From challenges of sensitising AI to issues of security, privacy and ethics

Suppose you’re driving down a steep, narrow mountain road. As you turn an S-bend, you discover half a dozen children directly in your path. There’s no braking distance. You can drive into the kids. Or, you can slam your car into the mountainside, risking your own life. What do you do? What if you have an important passenger in the car, or your family is with you?

Behavioural scientists call this the Trolley Problem (the original version involves a runaway trolley on a railway line with a shunt and people at risk on both branch lines). It was dreamt up as an ethics experiment. Today, it is a real, live situation with huge sums riding on finding reasonable answers.

You see, it might be an autonomous Artificial Intelligence driving the car and that’s a situation that’s being discussed at length by autonomous vehicle designers. For then it is the AI that has to make an instantaneous decision to do the thing that’s likely to cause least harm.

That is a complicated question with many ramifications: whose life should be at least risk? Car insurance companies would really like to know what’s likely to be the AI’s response in this, and in other high-risk situations. Until acceptable solutions to such ethical dilemmas can be programmed reliably, this may be a big barrier that holds up widespread usage of autonomous vehicles.

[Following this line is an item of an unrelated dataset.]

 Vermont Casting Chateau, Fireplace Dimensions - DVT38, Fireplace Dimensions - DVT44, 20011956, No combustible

Training a robot to take such crucial ethical decisions on the fly is incredibly difficult. Even training a robot to develop any “sense of ethics” is, in itself, very difficult. But as AI becomes an increasingly important component in every sphere of life, machine ethics is also becoming an increasingly important field of research. If AI is to integrate harmoniously with society, it must be programmed to maximise safety and fit in with human ethics. This is a task that is pulling in philosophers and logicians, as well as computer programmers.

Apart from autonomous vehicles, AI is extensively deployed by defence forces and law and order departments. Back in 1942, writer and biochemistry professor Isaac Asimov invented the “Laws of Robotics” in a science fiction short story, “Runaround”. According to Asimov’s First Law, “A robot cannot injure a human being, or through inaction, allow a human being to come to harm.”

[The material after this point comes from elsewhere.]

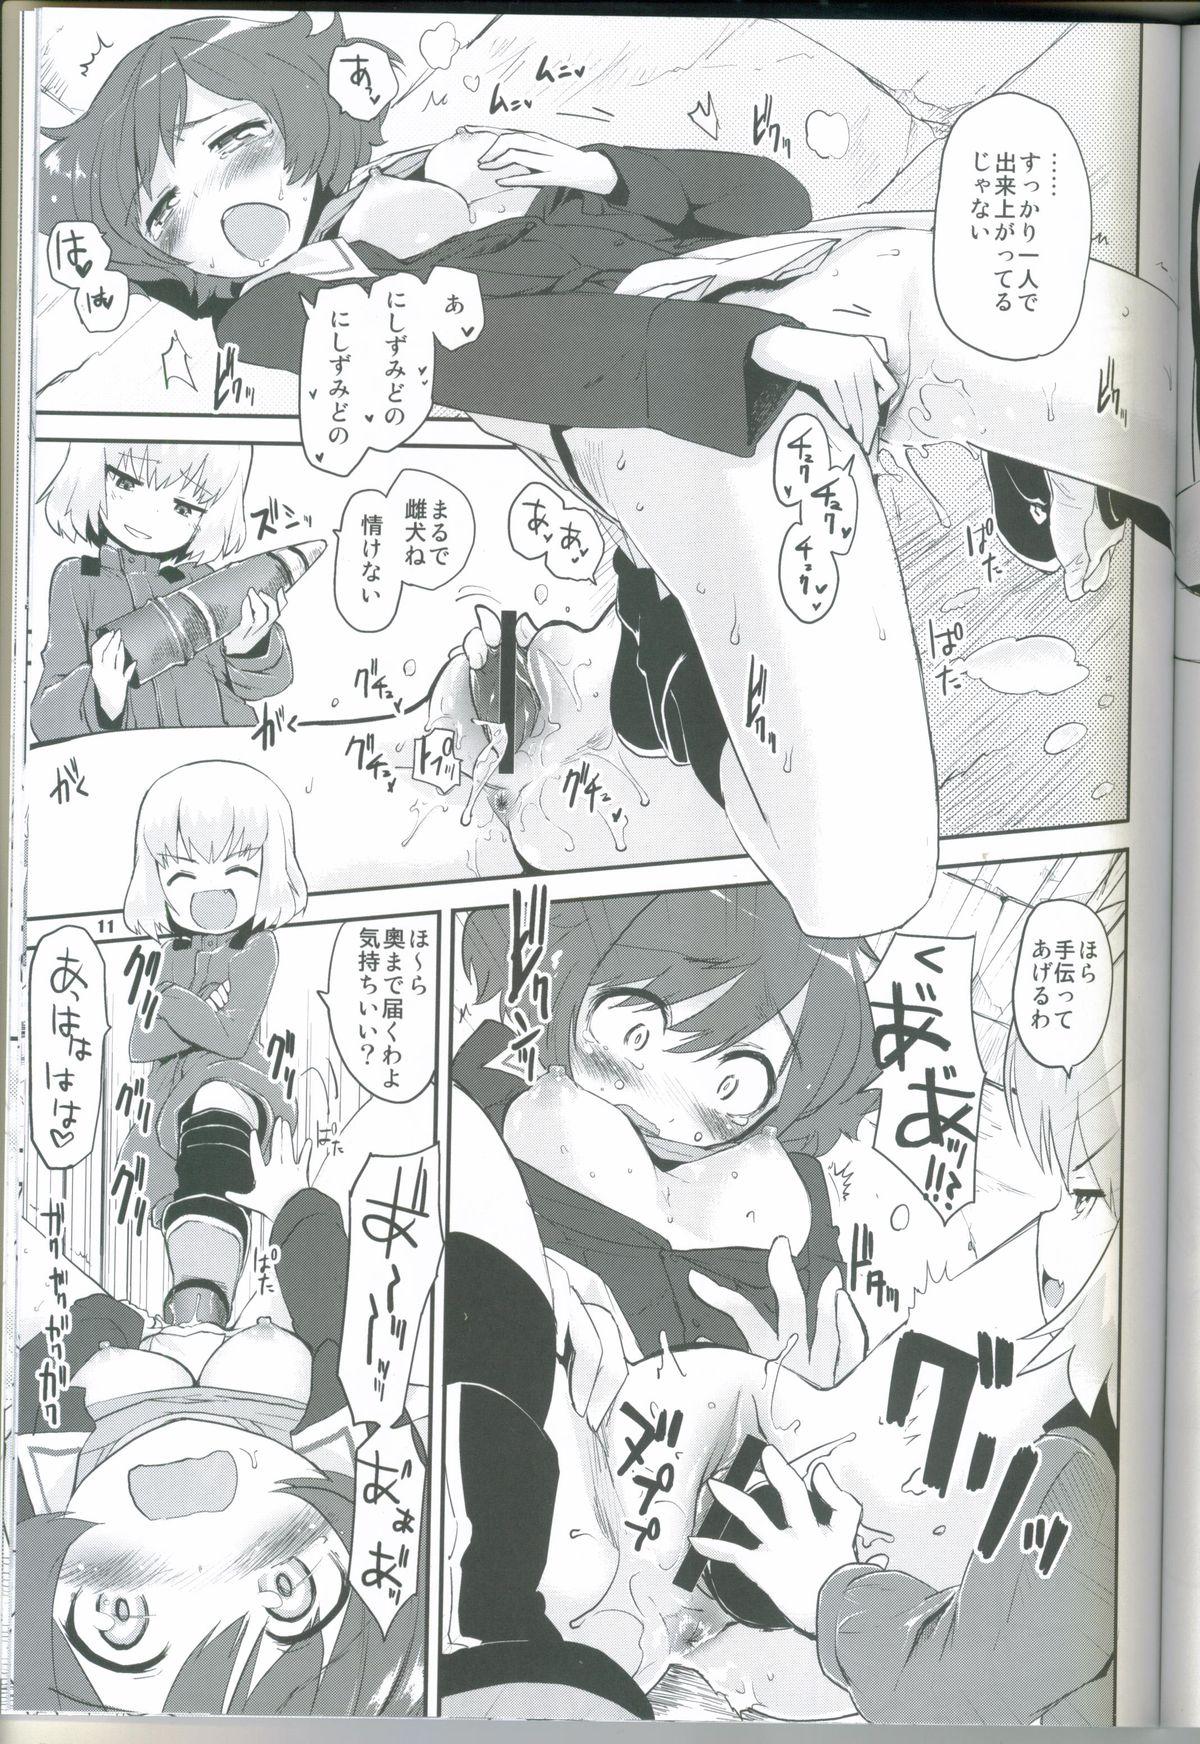 Animated The General Frost Has Come! - Girls und panzer Butthole - Page 10

In reality, AI is bound by no such law. Drones that can deal mass death and destruction are part and parcel of modern warfare. How can such devices be trained not to bomb hospitals? Smart gun systems can autonomously target moving objects in the field of fire. South Korea deploys such smart guns on the Demilitarised Zone with North Korea. How is such a gun “trained” to issue warnings before shooting?

Less obvious situations can arise in many other instances where AIs are taking over tasks that involve intimate interactions with humans. For example, somebody with a chronic condition, say, a diabetic or a bipolar individual, may be monitored by an intelligent agent such as Amazon Alexa and reminded to take insulin shots, or other medication, as required. If the patient ignores the instructions, should the AI then inform somebody else? This is a breach of privacy but it could save the patient’s life.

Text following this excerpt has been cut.